Problem requirements >> Of the lines below, reproduce exactly those from the line containing "Bow tie: Zara" to the end, including both the first and the last.

○ ○ ○ ○

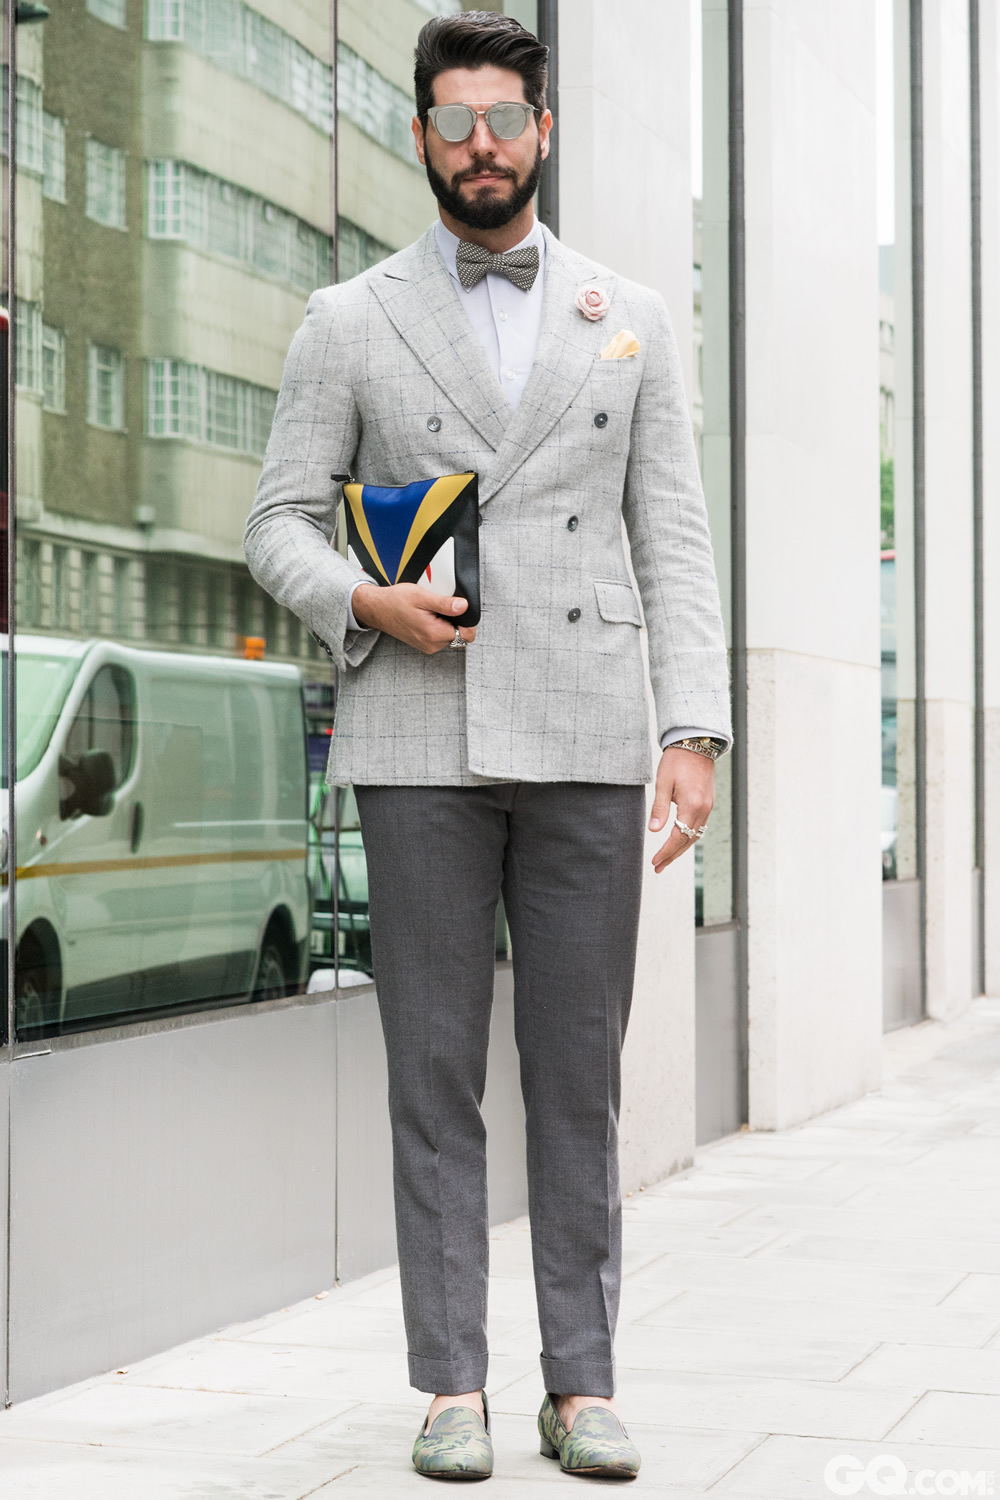 Kadu
Glasses: Dior Homme
Jacket: Tom Bellini
Shirt: VR
Bow tie: Zara
Trousers: Gant 
Shoes: Blue Bird
Bag: Fendi

Inspiration: 50 shades of grey
(50度灰)

○ ○ ○ ○

Reply to the task >>
Bow tie: Zara
Trousers: Gant 
Shoes: Blue Bird
Bag: Fendi

Inspiration: 50 shades of grey
(50度灰)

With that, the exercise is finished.